Leonard King Lesser was born in December 1922 in the Bronx, where his father, a Polish immigrant, ran a grocery. A tall, geeky bookworm, he finished high school at 15 but found confidence in local youth theatre while attending City College of New York, from which he graduated at 19 with a degree in government and economics. He enlisted the day after the attacks on Pearl Harbor, and served in Burma and India.

After the war, he studied acting in New York on the GI Bill, at the American Theatre Wing, and worked as an extra at the New York City Center Opera. He made his television debut in 1949 in the live drama series Studio One, in "The Sharp Knife", based on a Dashiell Hammett story. The show also marked the debut of another tall and distinctive New York character actor, Abe Vigoda.

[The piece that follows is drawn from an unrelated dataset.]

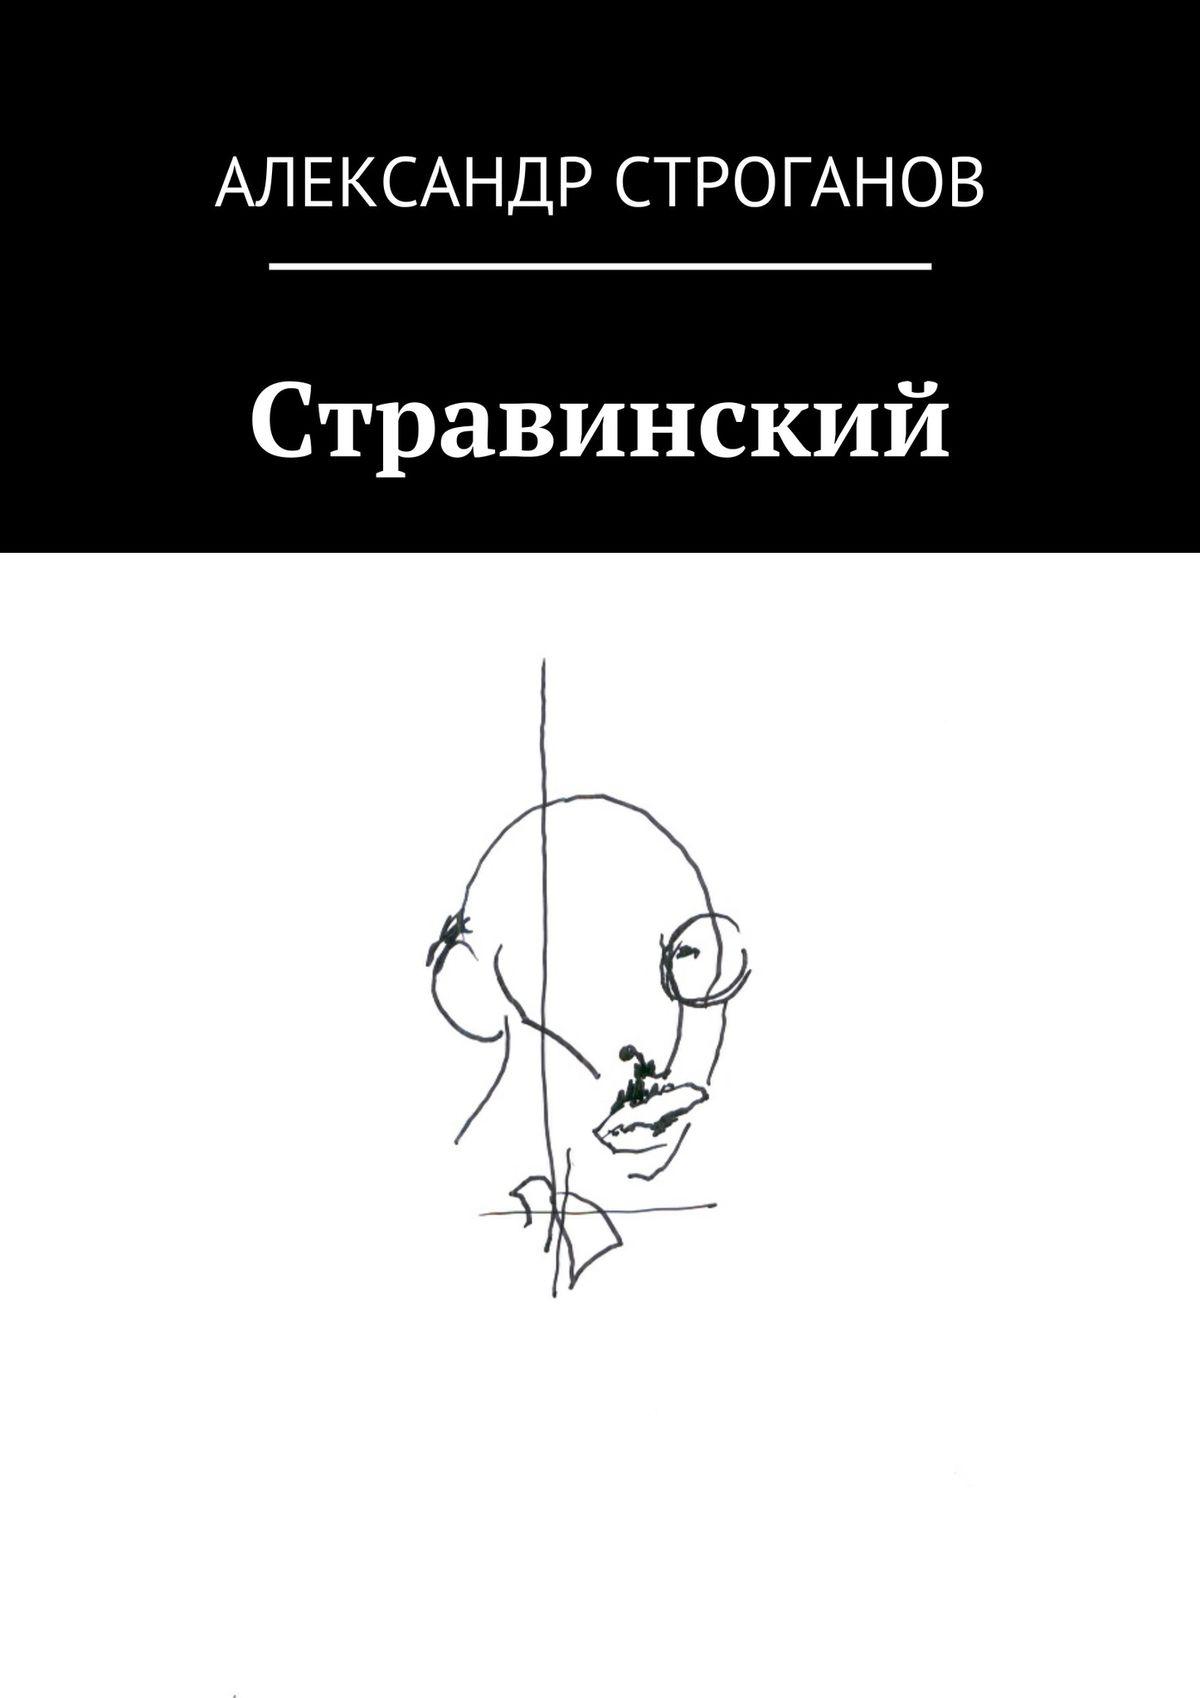 Александр Строганов Стравинский неизвестный автор граф александр сергеевич строганов

His resumé for the next four decades reads like a history of network television. He married Janice Burrell in 1954 and moved to Los Angeles, landing bit parts in films like Somebody Up There Likes Me and Lust for Life (both 1956), but by 1959 he was working regularly in dozens of television westerns, detective shows, and comedies, once playing the same character for both Jack Benny and Ernie Kovacs. He went uncredited in the Doris Day film Please Don't Eat the Daisies (1960) and Burt Lancaster's Birdman of Alcatraz (1962) before working on lesser projects like How to Stuff a Wild Bikini and McHale's Navy Joins the Air Force (both 1965). After Kelly's Heroes he had a small western role in Dirty Little Billy (1972) and played a guard in Papillon (1973). His later films saw him often used for comic effect in B-movies like Truck Stop Women (1974) and in 1990, with the prescient name of Uncle Ray, in Sorority Girls and The Creature from Hell.

Through all this time he worked on stage. His final appearance on screen was in 2009, in the TV series Castle, but by then he was already suffering from cancer. However, in 2010, he had two memorable roles on stage, being well-reviewed in Ronald Ribman's Cold Storage at the George Ignatieff Theatre in Toronto, and in Clifford Odets' Awake and Sing! with the Los Angeles company A Noise Within.

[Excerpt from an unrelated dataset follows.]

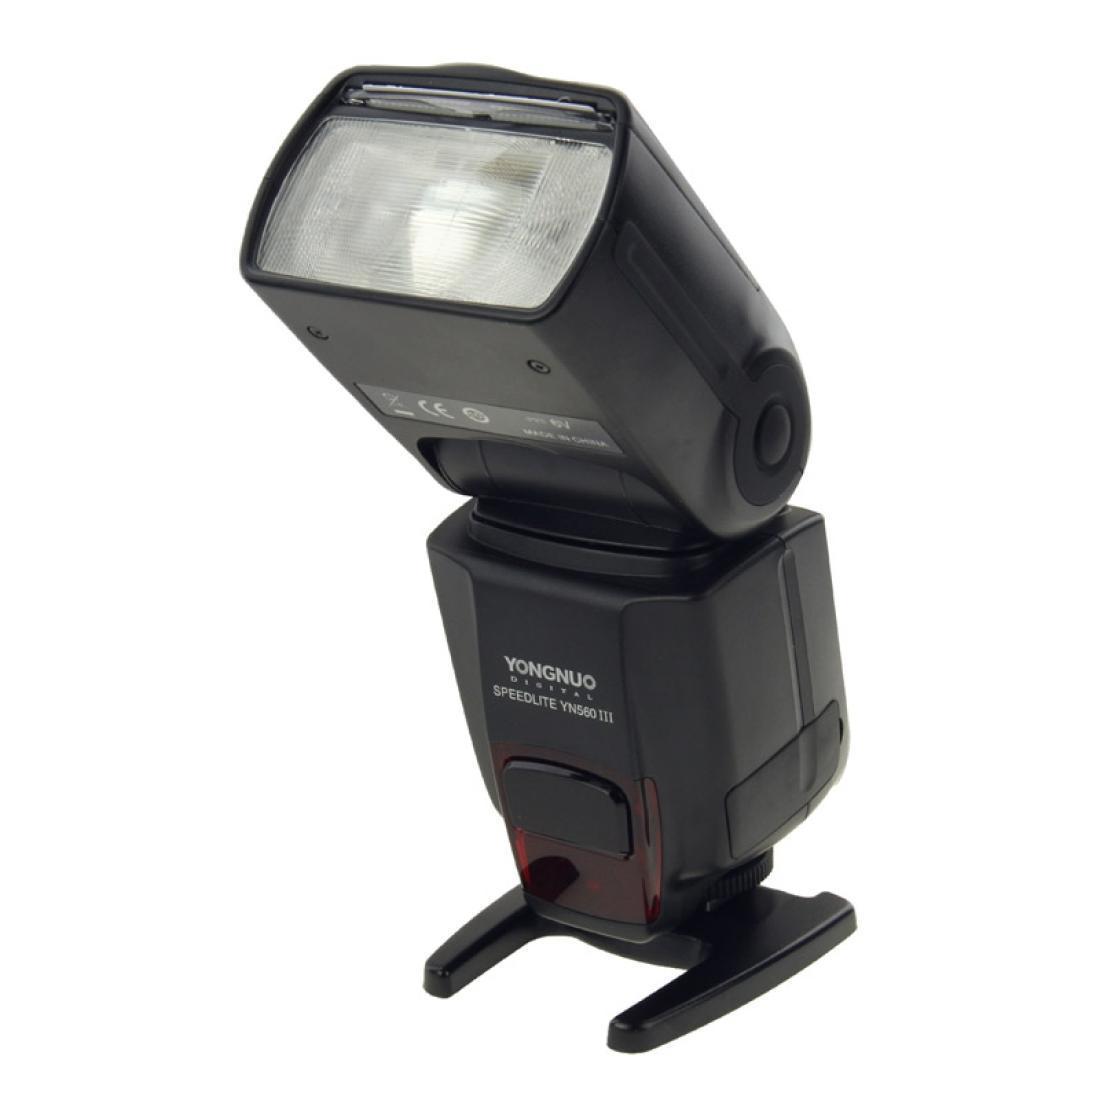 Yn-560 III Speedlite sem fio de flash sem fio ultra-longa com sapato quente de metal para canon nikon pentax olympus dslr câmera

He told an interviewer in Toronto how Seinfeld changed his life. "Uncle Leo became a whole new thing for me," he said. "After sweating out every job, my God. Now it's everywhere I go. I was at the Wailing Wall in Jerusalem, watching people put notes in the wall, it's an esoteric day, very silent, very nice. All of a sudden: 'Uncle Leo, where's the watch?'"

Leonard King Lesser, actor: born New York 3 December 1922; married 1954 Janice Burrell (divorced 1984; one son, one daughter); died Burbank, California 16 February 2011.